- _Supplied data_:
^^^^

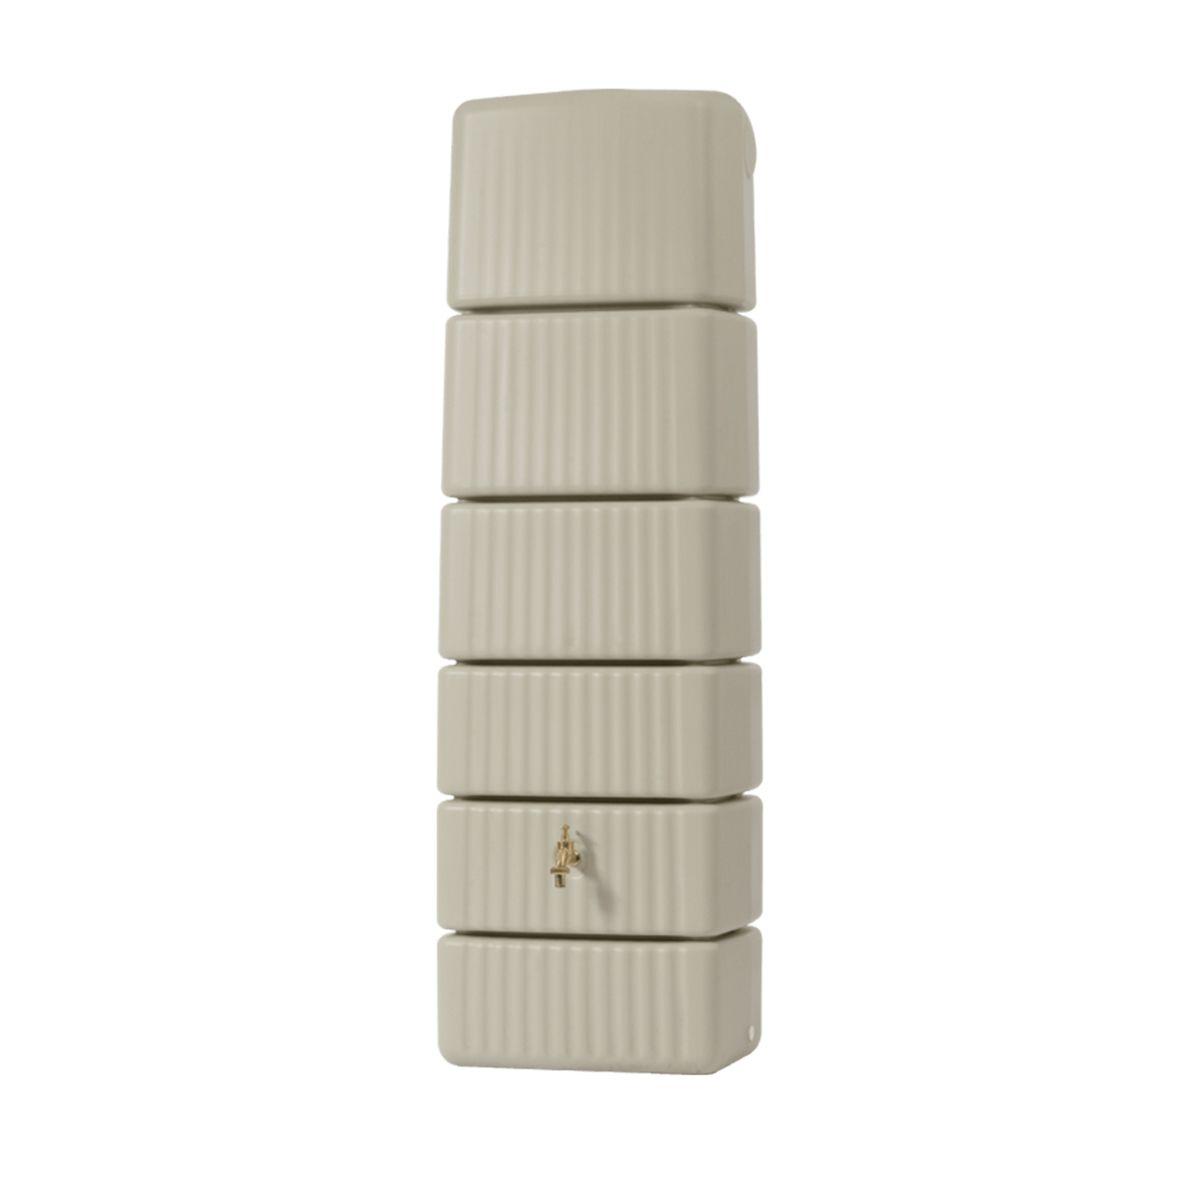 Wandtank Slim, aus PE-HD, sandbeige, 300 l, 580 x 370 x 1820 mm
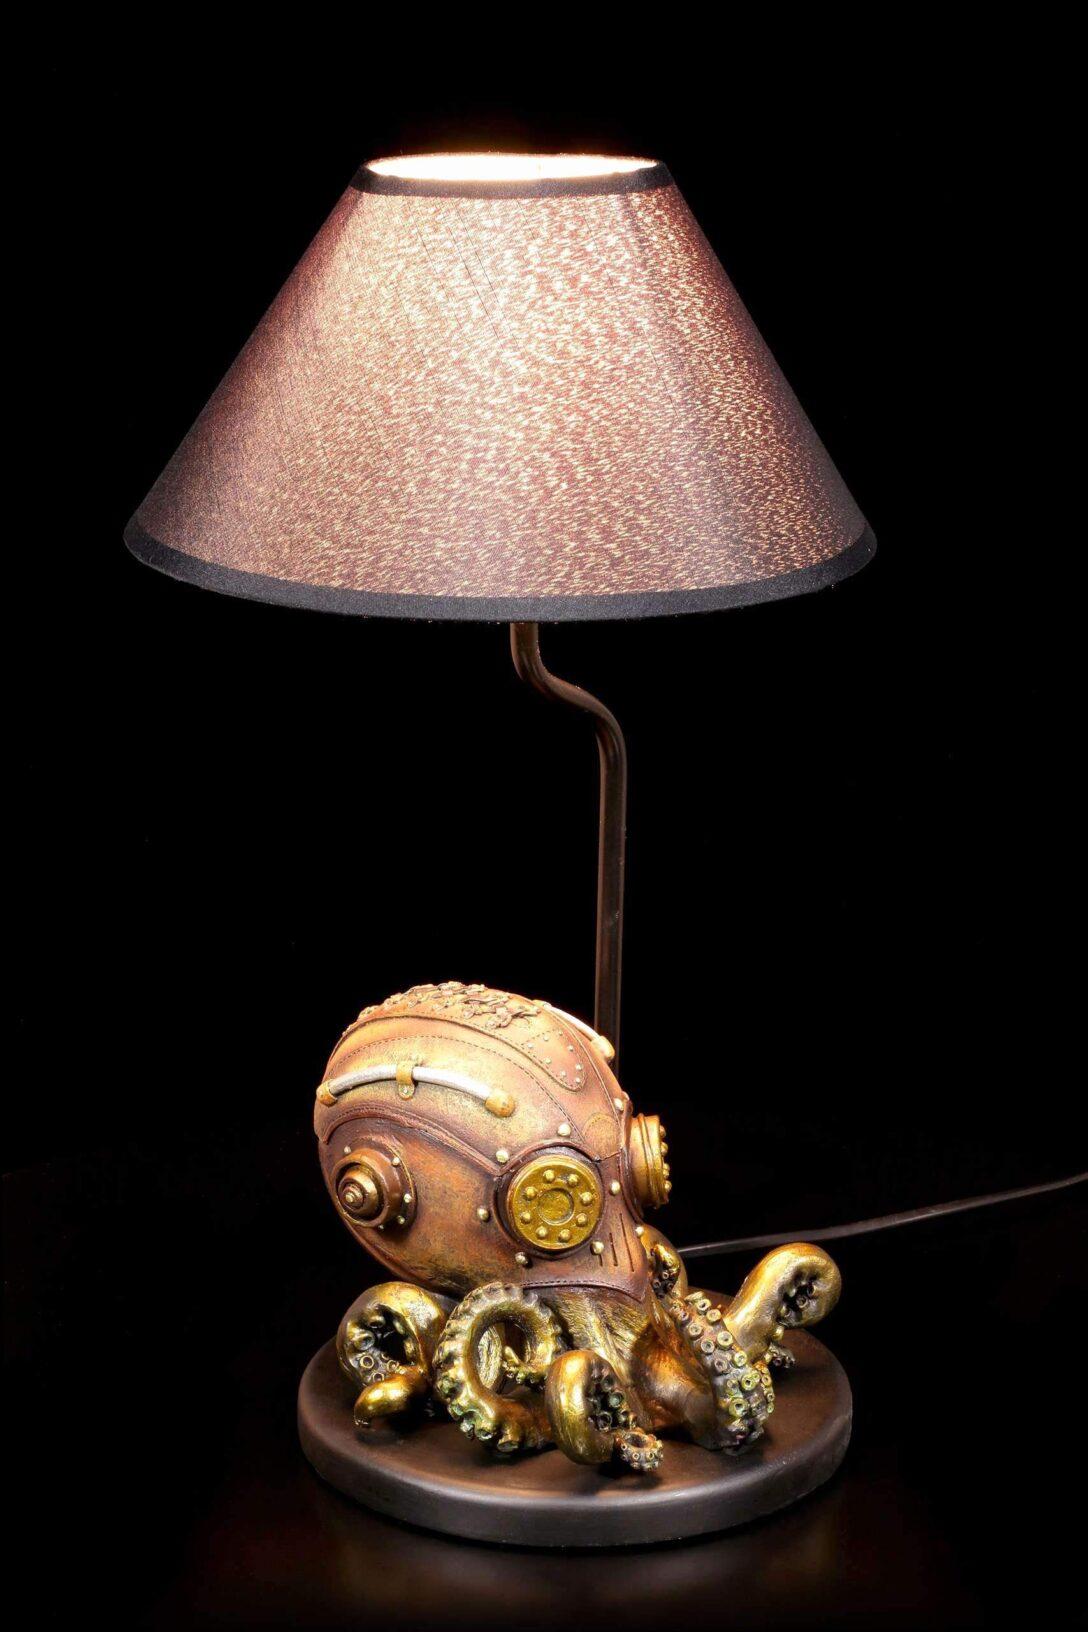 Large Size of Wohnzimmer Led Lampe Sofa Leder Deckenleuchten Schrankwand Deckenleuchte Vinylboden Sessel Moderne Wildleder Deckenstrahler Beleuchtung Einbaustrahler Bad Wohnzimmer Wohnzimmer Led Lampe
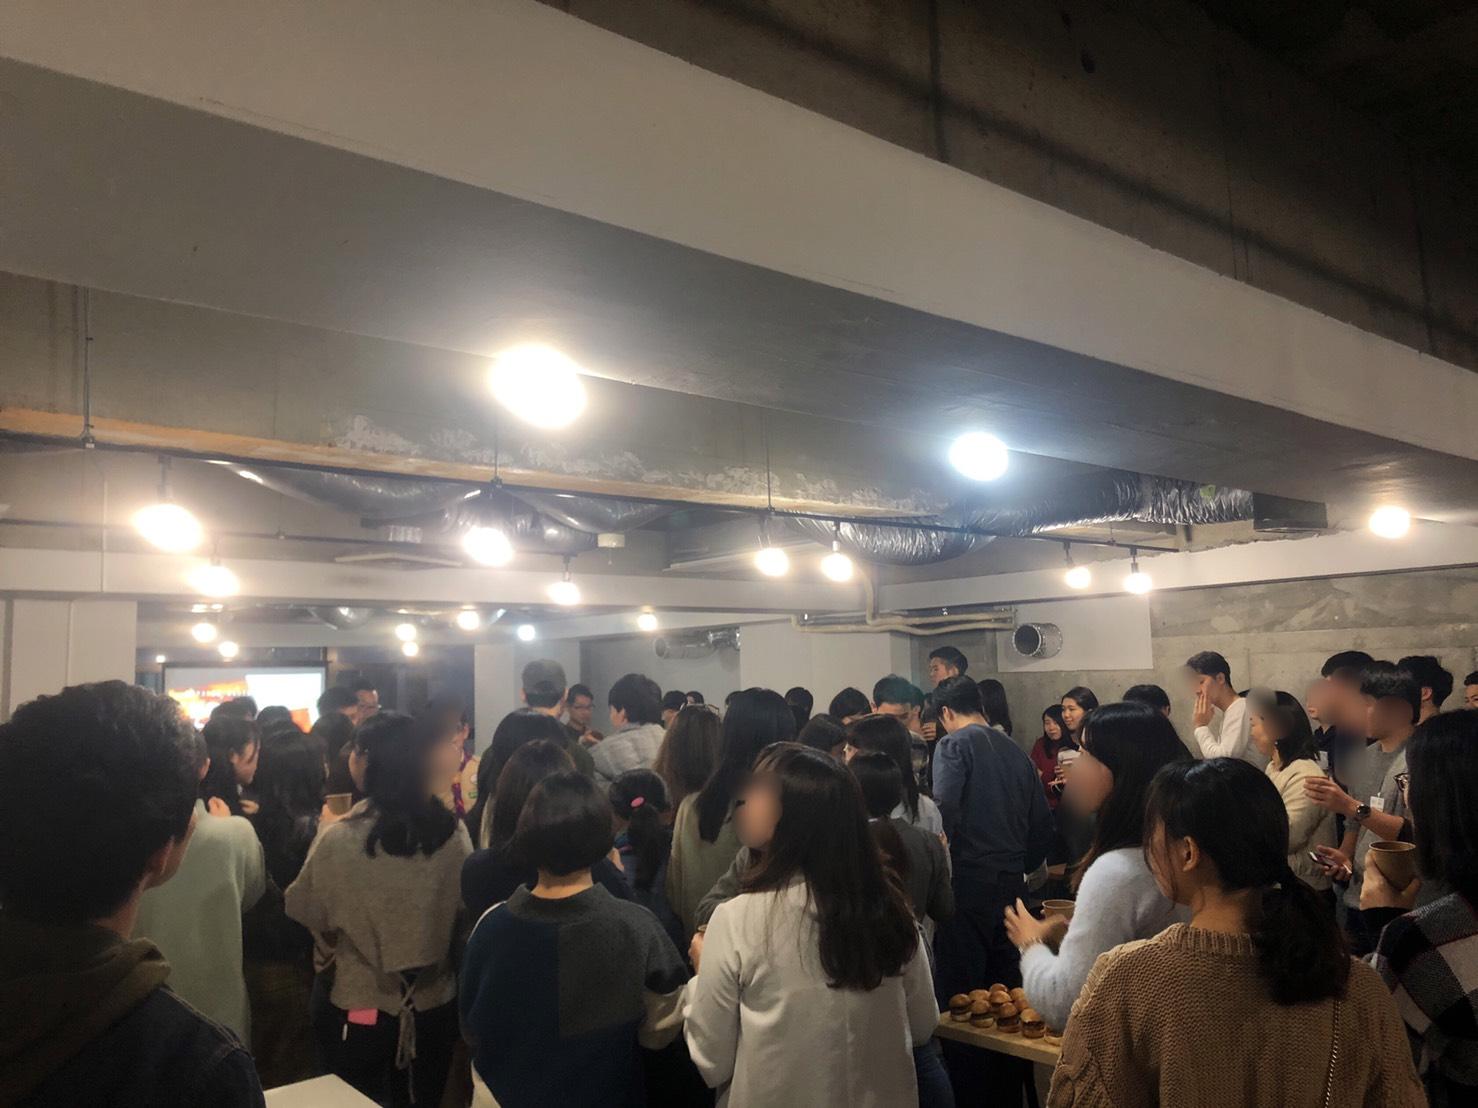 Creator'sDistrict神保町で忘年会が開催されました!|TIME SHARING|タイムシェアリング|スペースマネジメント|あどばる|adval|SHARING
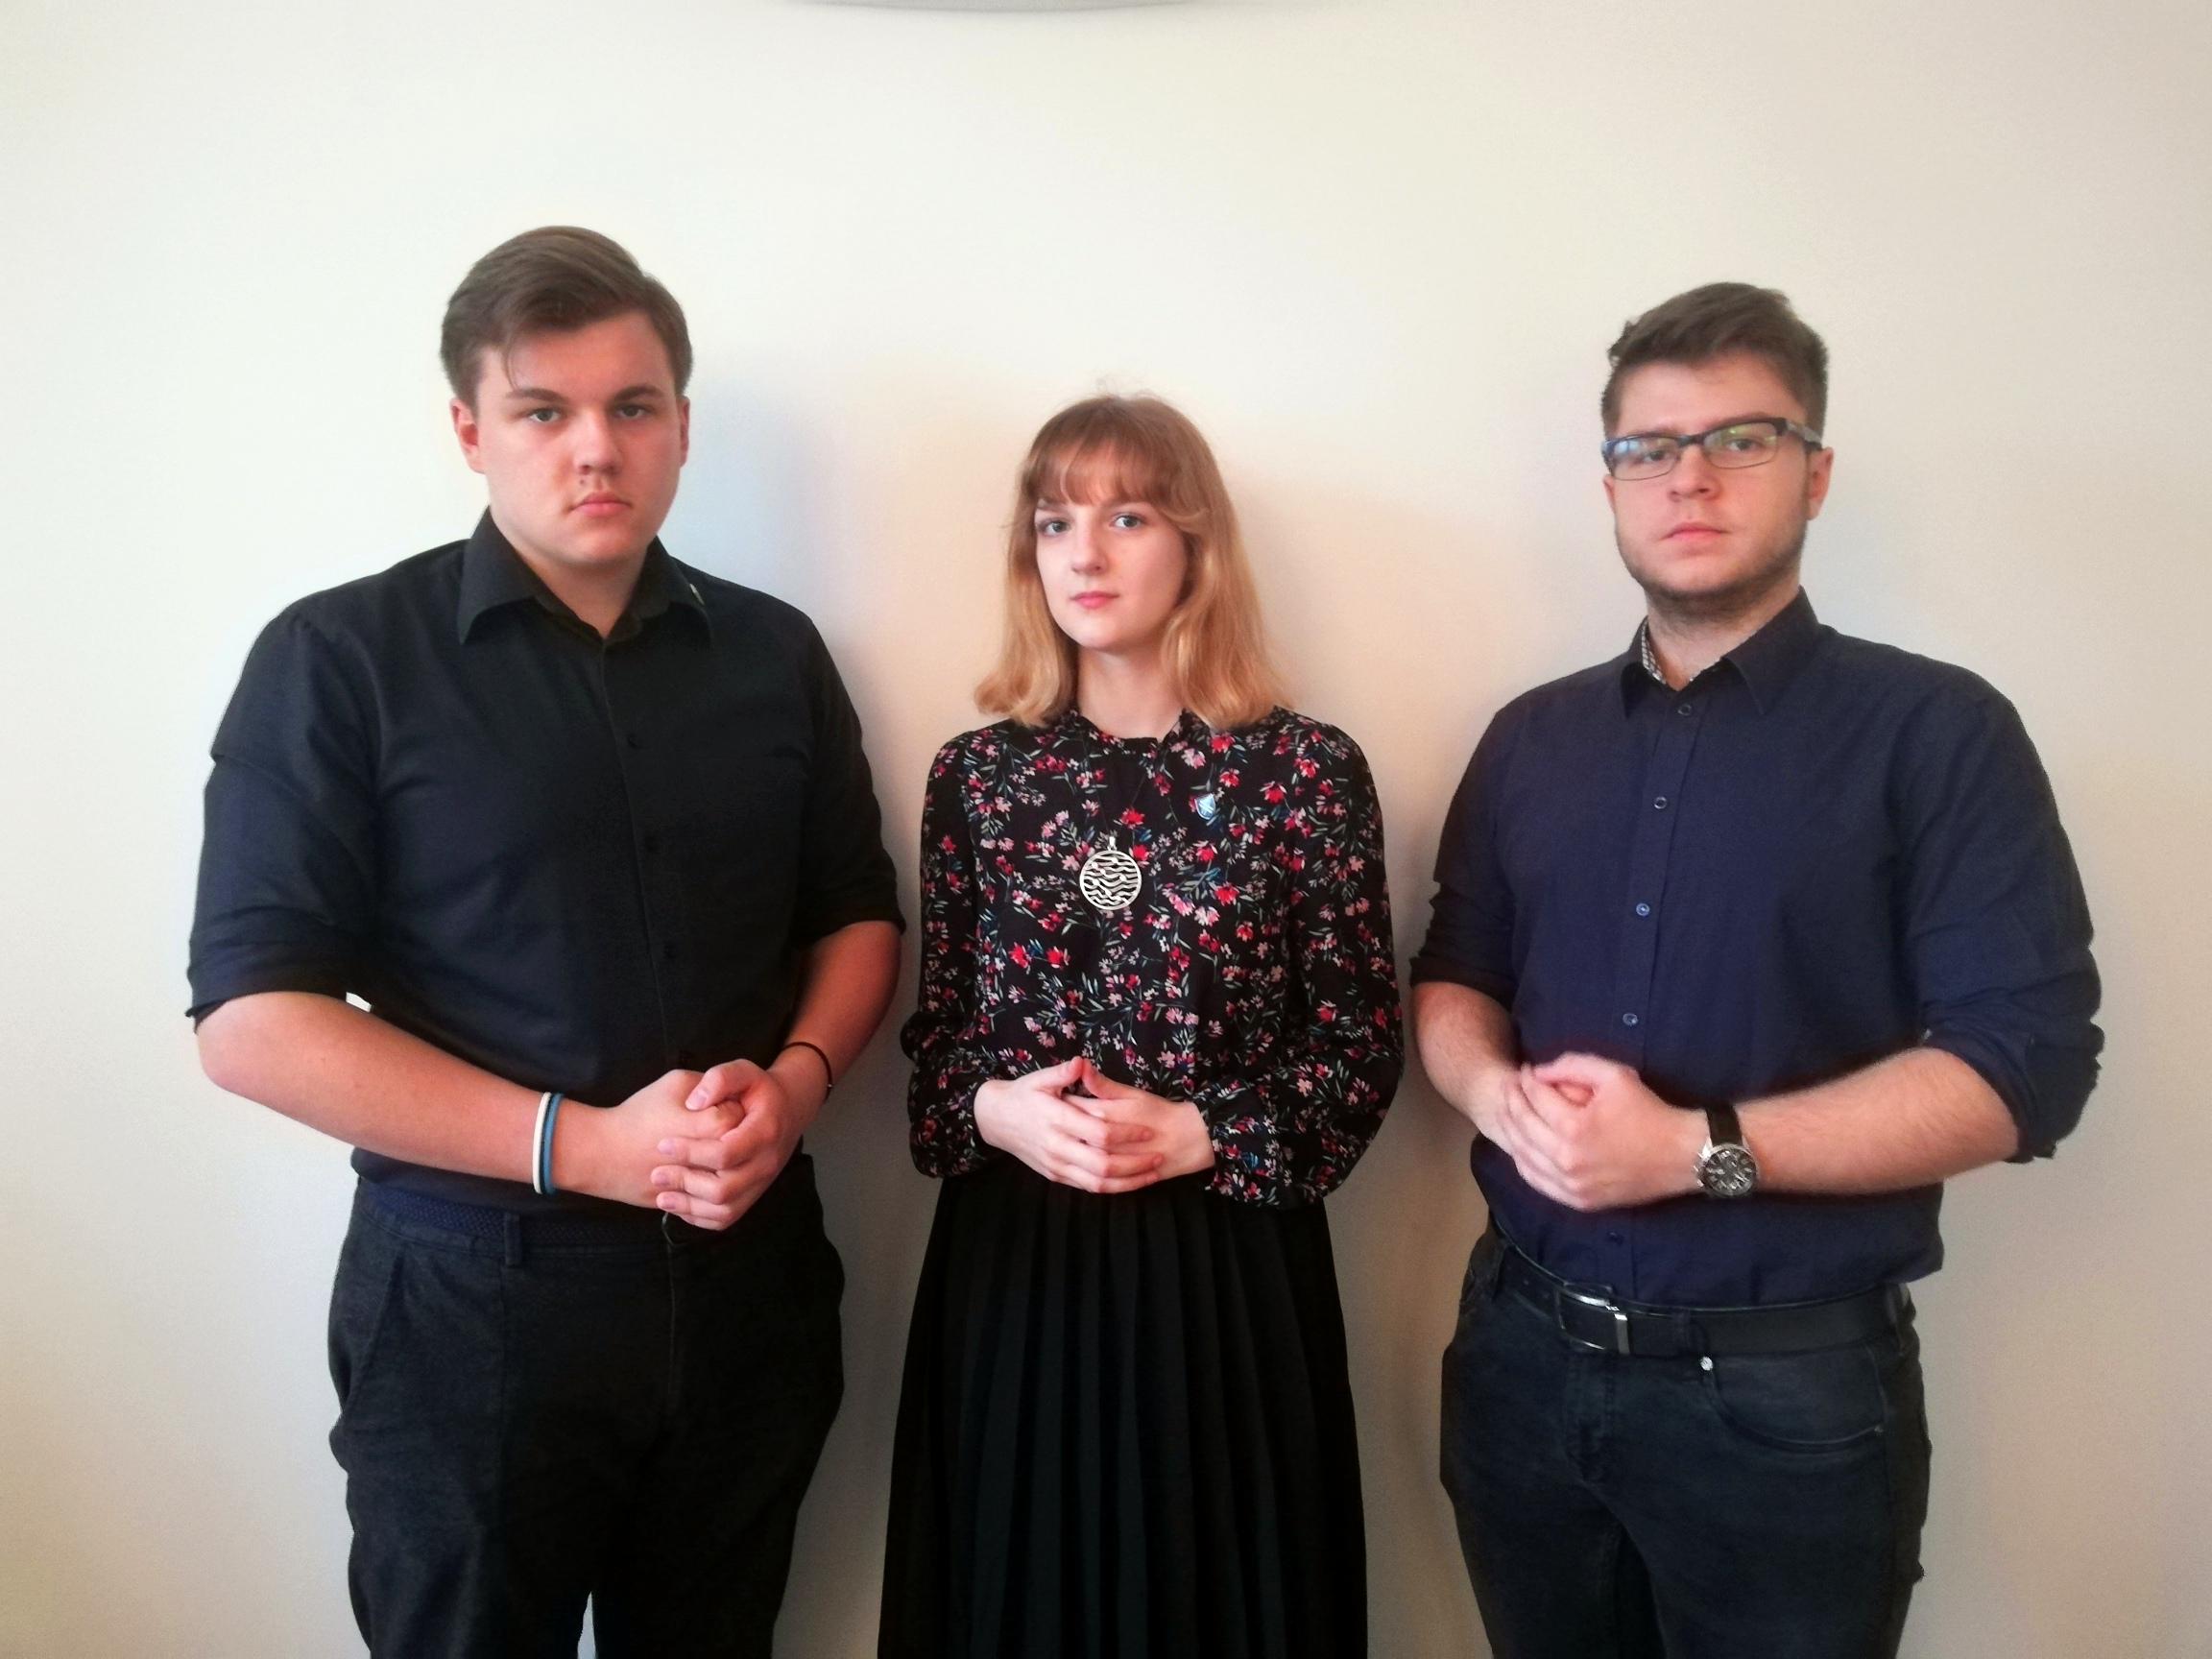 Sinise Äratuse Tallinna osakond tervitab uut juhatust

^^^^

- _Exercise directions_:
Return the complete material exactly as it appears, without images.

- _Solution for this task_:
 Wandtank Slim, aus PE-HD, sandbeige, 300 l, 580 x 370 x 1820 mm
 Large Size of Wohnzimmer Led Lampe Sofa Leder Deckenleuchten Schrankwand Deckenleuchte Vinylboden Sessel Moderne Wildleder Deckenstrahler Beleuchtung Einbaustrahler Bad Wohnzimmer Wohnzimmer Led Lampe
 Creator'sDistrict神保町で忘年会が開催されました!|TIME SHARING|タイムシェアリング|スペースマネジメント|あどばる|adval|SHARING
 Sinise Äratuse Tallinna osakond tervitab uut juhatust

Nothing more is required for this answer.